My Own Road to the Final Four

UCLA forward Marques Johnson (54) and Louisville center William Bunton
UCLA forward Marques Johnson (54) and Louisville center William Bunton (33) fight for the ball during the 1975 NCAA semifinal game at the San Diego Sports Arena. Also pictured are Louisville’s Junior Bridgeman (10) and Allen Murphy (20) and UCLA’s Pete Trgovich (25). Photo by Rich Clarkson/NCAA Photos.

Now this was March madness — Two days before UCLA played Louisville in the 1975 Final Four, I took the entire Cardinal basketball team (including their coaches and several cheerleaders) on a daytrip to Tijuana.

We got stopped by a Mexican cop for driving the wrong way down a one-way street, but managed to talk our way out of a ticket or fine. We ate great Mexican food, did a little souvenir shopping and got everyone back to the hotel in San Diego before team curfew.

What makes this stranger than fiction is the fact that I didn’t know any of these people the day before and had no connections whatsoever to Louisville basketball. I was actually a freshman at UCLA, a cub sports reporter on the Daily Bruin. And this was the first time I had ever been out of the country without my parents . . .

Nearly Almost Famous

None of this would have ever happened if I hadn’t been the rookie on the Daily Bruin sports desk. The older guys got to cover the Bruins; my assignment was writing about other teams in the Final Four. But having just spent several years working on the same high school newspaper as Cameron Crowe, I was a fully fledged fan of talk-your-way-into-anything journalism. Maybe this wouldn’t make me almost famous, but I was going to give it my best shot.

I found out where the Cards were staying — the Sheraton on Harbor Island in San Diego — and knocked on doors until I found star players Junior Bridgeman and Allen Murphy. I explained who I was, what I wanted to do, and without hesitating they invited me in for a chat.
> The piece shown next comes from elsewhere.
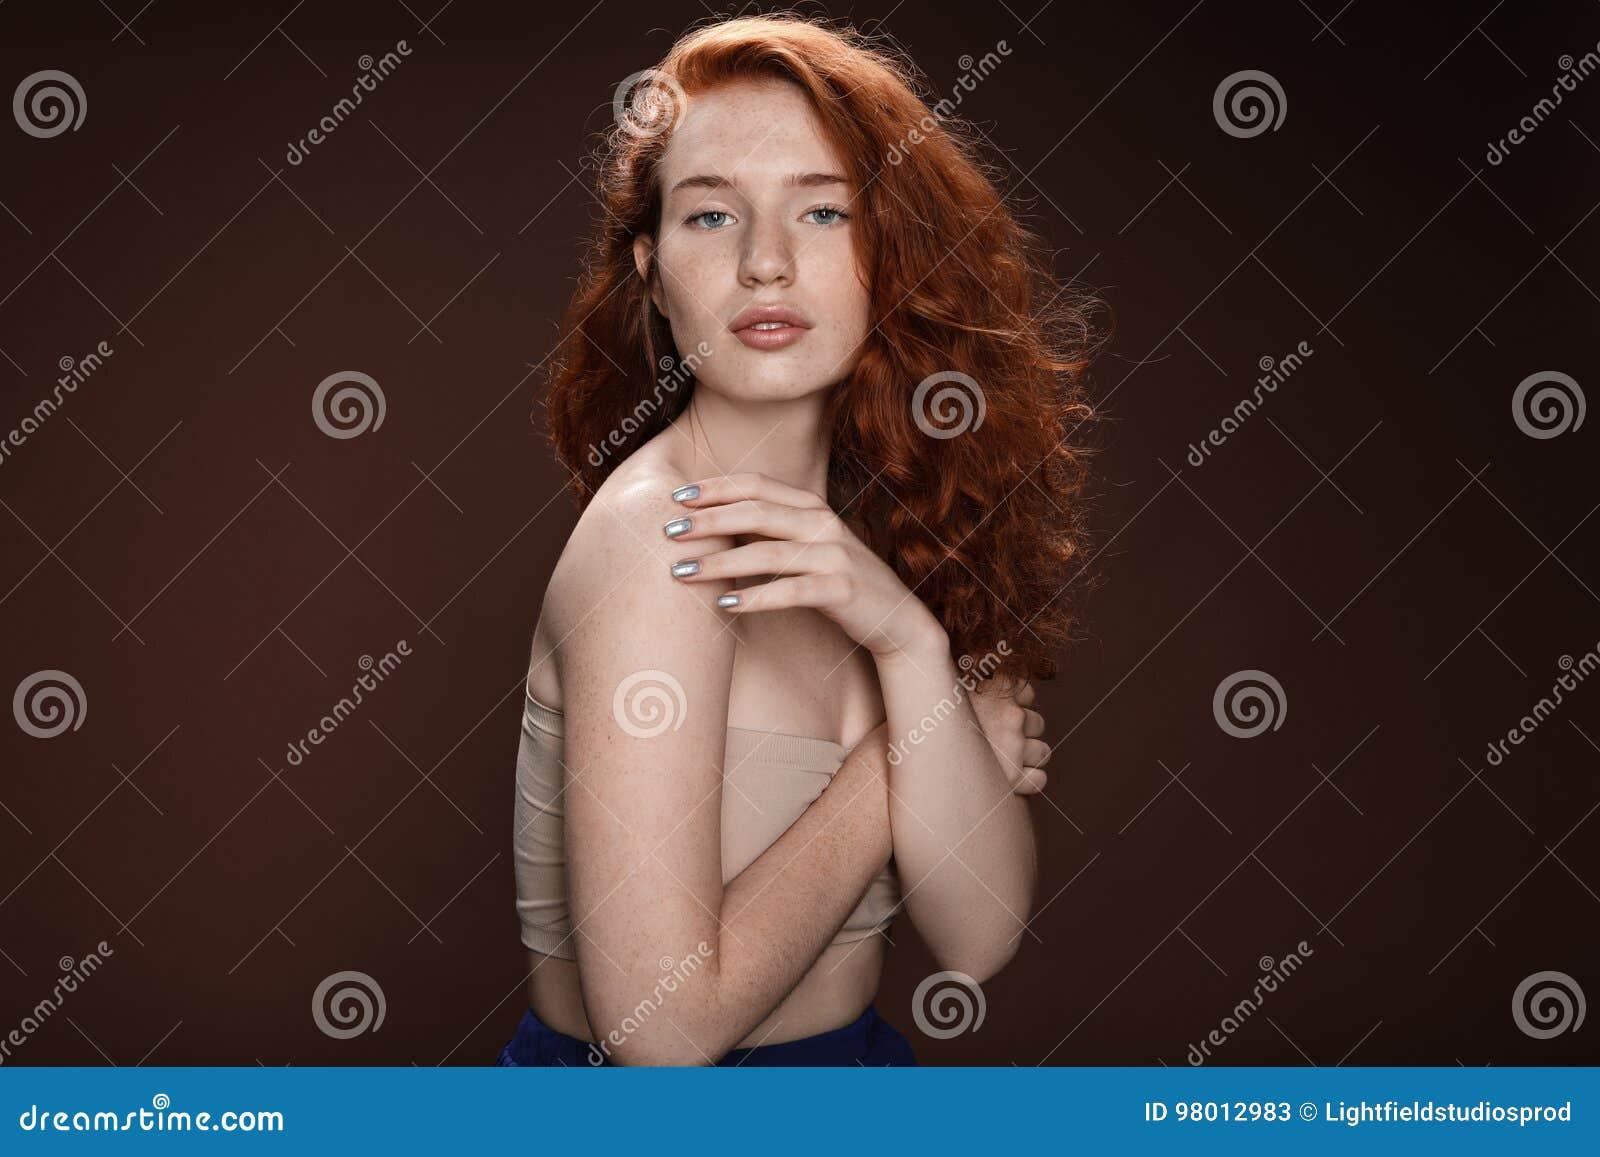 redhead-woman-posing-anal-sex-sleepwalking

While we were hanging out, Coach Denny Crumb wandered in to discuss their impending “field trip” to Tijuana. And the legendary coach just happened to mention that he wasn’t quite sure how to get there. “I can show you!” I blurted out. That’s how an 19-year-old kid from UCLA wound up leading the entire Louisville basketball team into a foreign country just 48 hours before what was then the biggest game in Cardinal history.

1964 Dodge Dart

Somehow I managed to fit three very large human players (Bridgemen, Murphy and Danny Brown) and two Louisville cheerleaders into my 1964 Dodge Dart. And with the rest of the team following in two coach-driven rental cars, we cruised down Interstate-5 to the Mexican border.

Two days later, UCLA beat Louisville 75-74 in overtime in one of the epic games of Final Four history. The Bruins then defeated Kentucky in the championship game for the last of John Wooden’s ten national titles. Keeping with my original assignment, I interviewed the downtrodden Cardinals after the game and they were just as gracious in defeat as when I first knocked on their hotel room door.

Never Happen Now

It goes without saying that something like that could never happen nowadays. Not just the crazy trip down to Mexico or that kind of sportsmanship, but also the fact that all of us could leave the country (and get back in) without passports. Simpler, more laidback times. And really not that long ago.

Bridgemen went on to play a dozen years in the NBA with the Milwaukee Bucks and LA Clippers and is now worth an estimated $600 million thanks to his timely investments in several restaurant chains. Murphy played for the LA Lakers; Brown is a very successful high school basketball coach in his native Indiana.

And me? Going forward, the episode certainly boosted my journalistic confidence. And having the chutzpah to venture into a foreign country on my own certainly sparked my lust for exotic wanders. My road to that Final Four just kept on going.